Żyjemy w czasach, w których jesteśmy niemal przyklejeni do smartfonów. Kiedy zamiast uśmiechać się do ludzi wokół, uśmiechamy się jedynie do prostokątnego ekranu. Jeszcze dekadę temu Internet nie był aż tak rozwiniętym przedsięwzięciem. „Miłość online” pokazuje blaski i cienie współczesnego życia. Czy uczucie, które rodzi się między literami, ma szansę przetrwać?
Kupujecie książki ulubionych Autorów w ciemno? Dla mnie Penelope Ward jest jedną z tych Autorek, której powieści biorę w ciemno. Jej książki są dla mnie czasoumilaczem. Czyta się je niezwykle szybko. Mimo że historia, koniec końców, okazuje się być troszkę sztampowa… Jest w tej Autorce, i jej powieściach coś, co mnie przyciąga.

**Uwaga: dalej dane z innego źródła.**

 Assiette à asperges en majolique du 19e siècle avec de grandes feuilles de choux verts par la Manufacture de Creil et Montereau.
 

Ryder to taki… typowy playboy. Na Montanę trafia przypadkiem, przeglądając Internet. Dziewczyna uwodzi mężczyzn swoimi idealnymi walorami. Jednak Ryder zwraca uwagę na coś innego niż jej uroda. Wsłuchuje się w jej cudowny głos i jest nią wręcz zauroczony.
Czy można się zakochać przez Internet? Czy można mówić o miłości? Czy taka relacja ma w ogóle szansę przetrwać? Muszę Wam powiedzieć, że jestem na to żywym przykładem. Swojego męża też „poznałam” Internetowo. A niedawno stuknęło nam 5 lat małżeństwa. Wszystko chyba zależy od perspektywy, i od tego, jak bardzo ludzie zaangażują się w taką relację.

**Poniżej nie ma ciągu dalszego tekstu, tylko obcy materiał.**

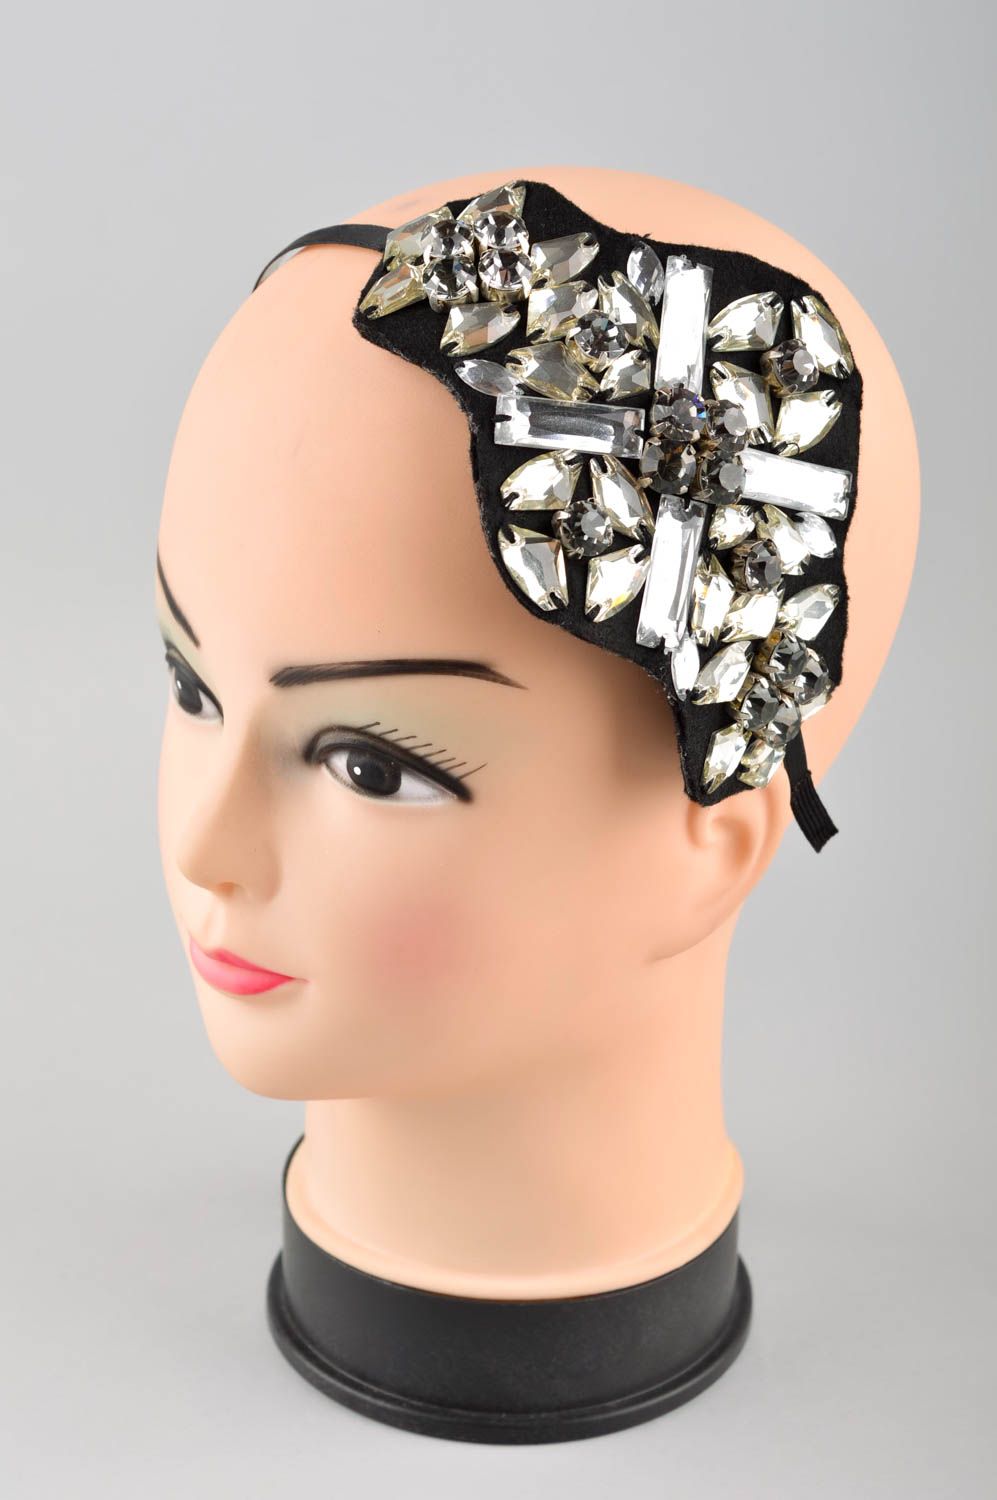 Аксессуар для волос хэнд мэйд обруч на голову из войлока женский аксессуар фото 1

Czy Eden (vel Montana) i Ryder będą potrafili odnaleźć się w sieci? Czy spotkają się na żywo? I czy ich kłamstwa nie przekreślą ich wspólnej przyszłości? O tym dowiecie się sięgając po najnowszą książkę Penelope Ward.

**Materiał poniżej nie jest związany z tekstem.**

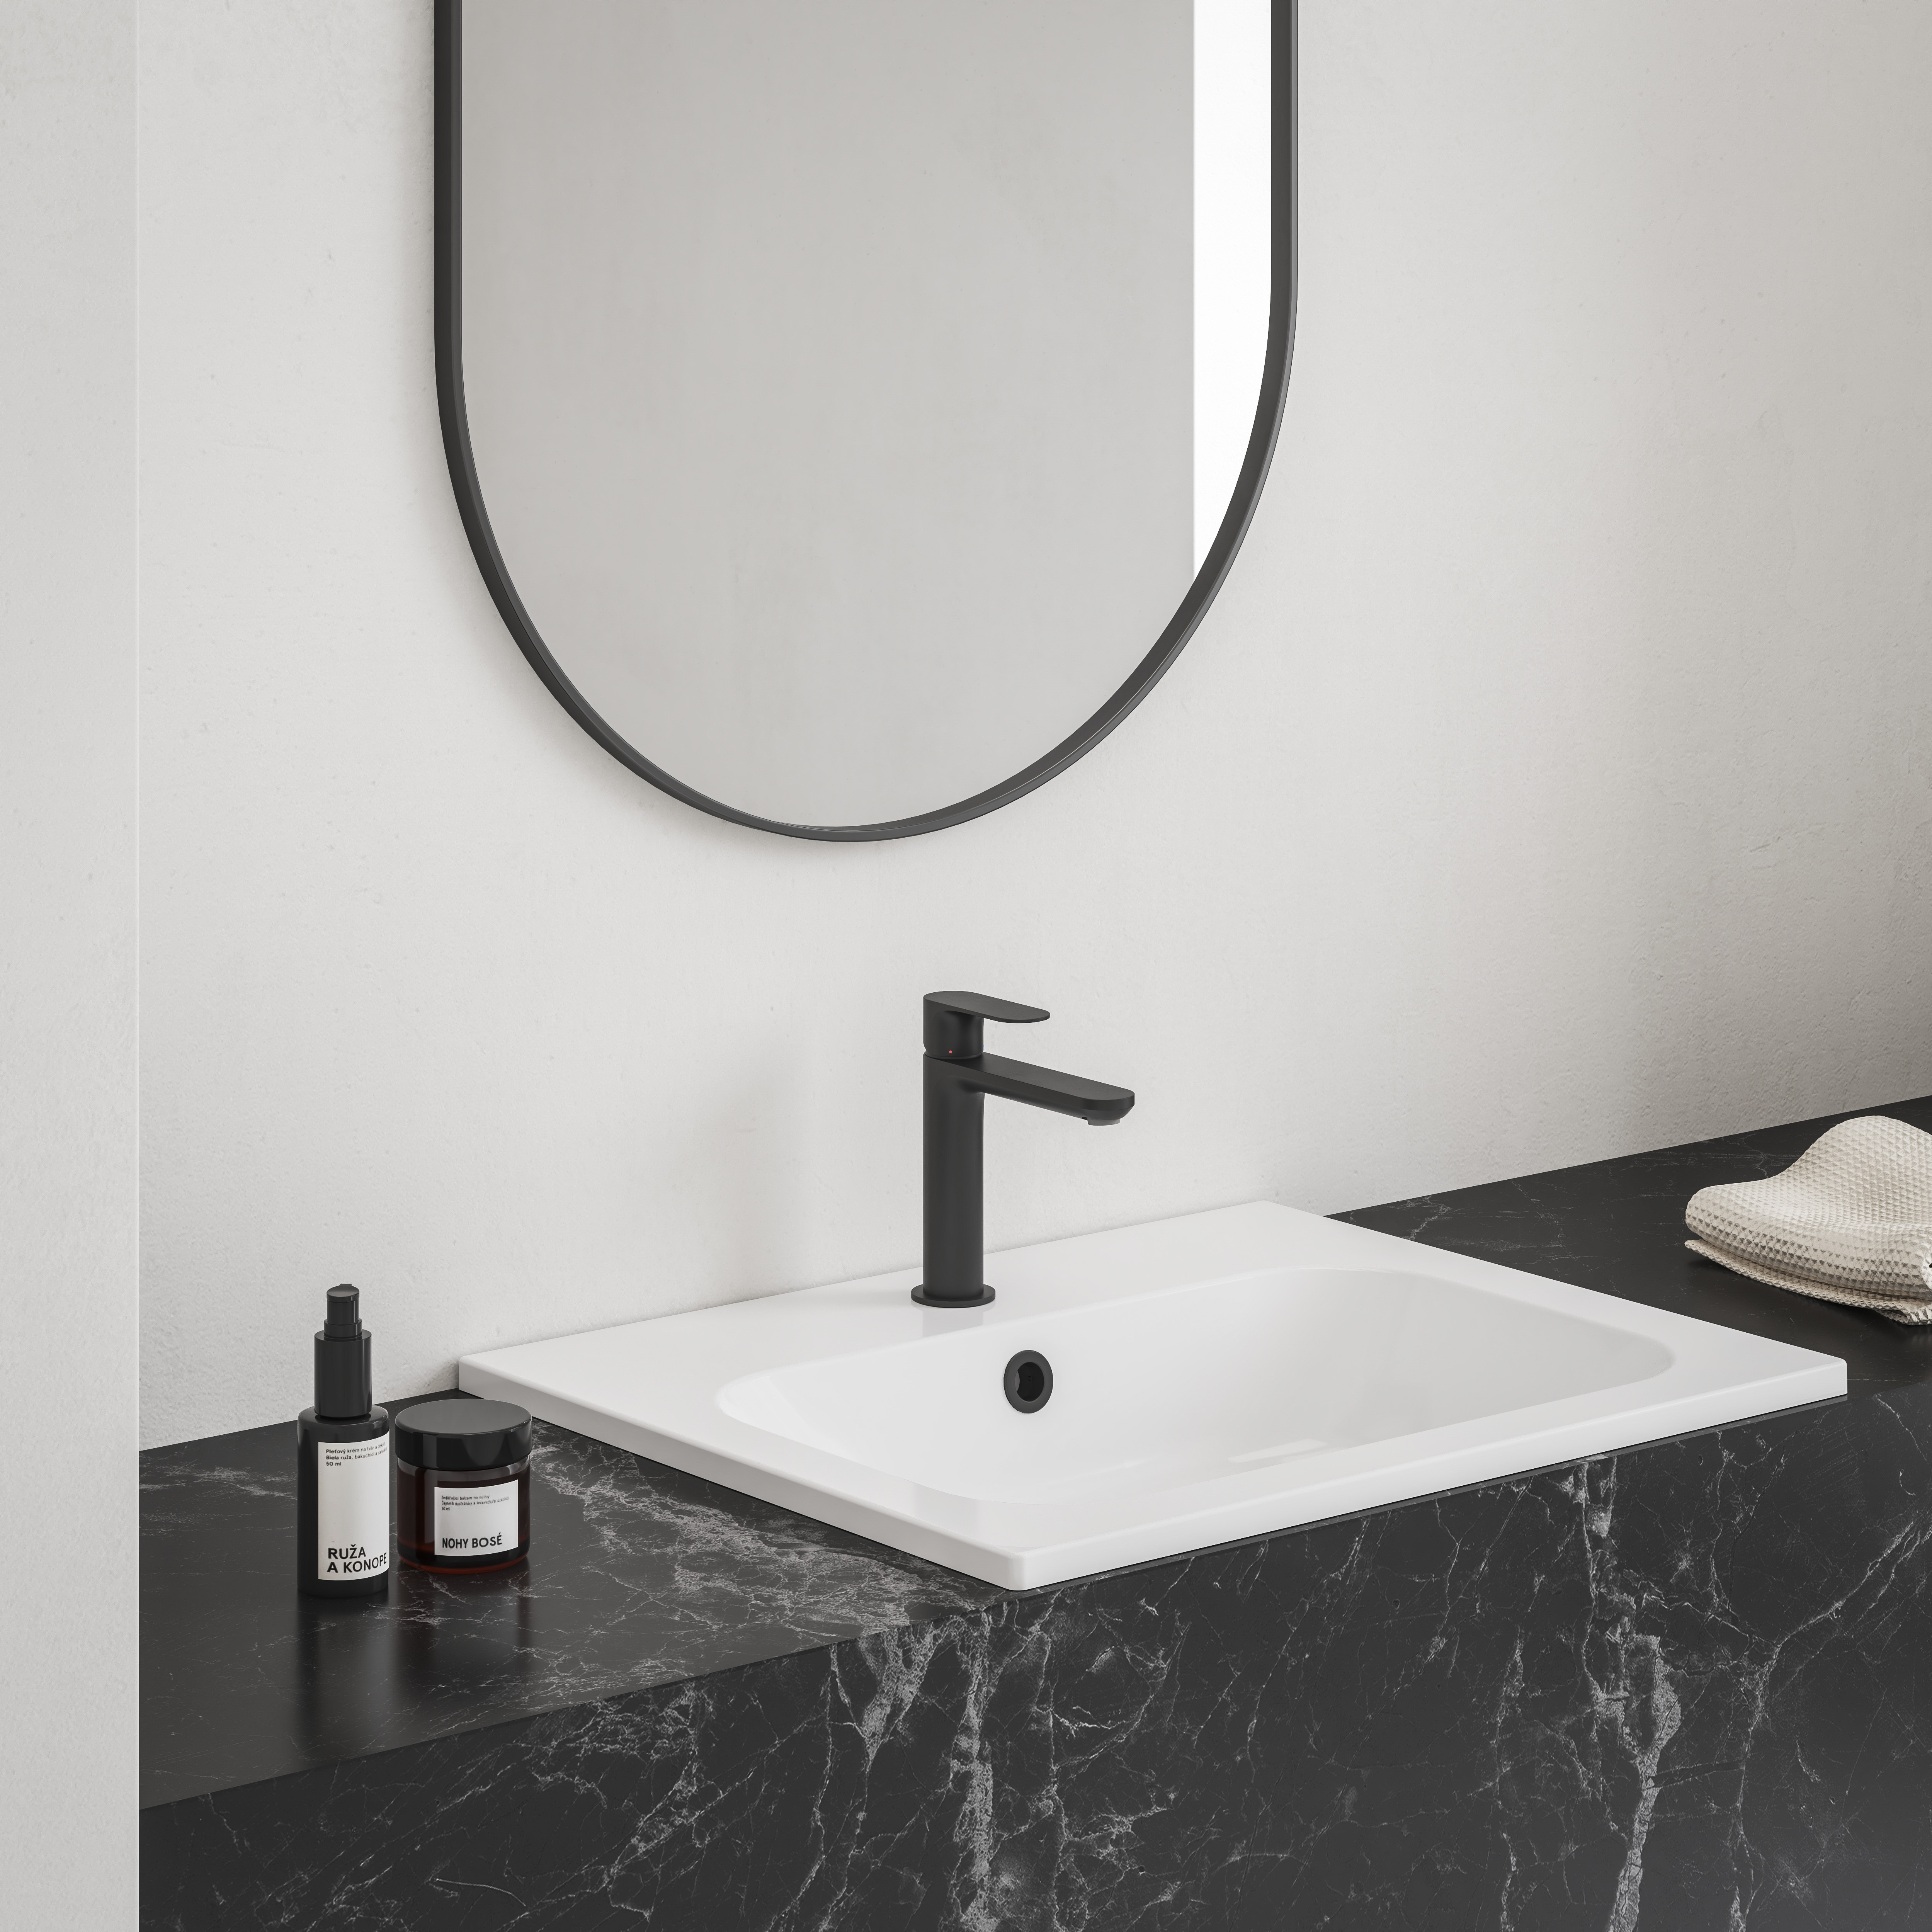 A fürdőszobában lévő fekete szín megtöri a minimalista stílust.

Ja mogę Wam jedynie powiedzieć, że jest to książka, która da się lubić. Mimo sztampowości i historii, która nie do końca przekonuje mnie, że mogłaby się zdarzyć naprawdę… Bo to trochę taka powieść o kopciuszku, który stracił rodziców i nagle pojawia się książę z bajki. Sami przyznajcie, że to wręcz nierealne. Ale my kobiety lubimy takie książki. W szczególności, gdy bardzo chcemy wierzyć w szczęśliwe zakończenia.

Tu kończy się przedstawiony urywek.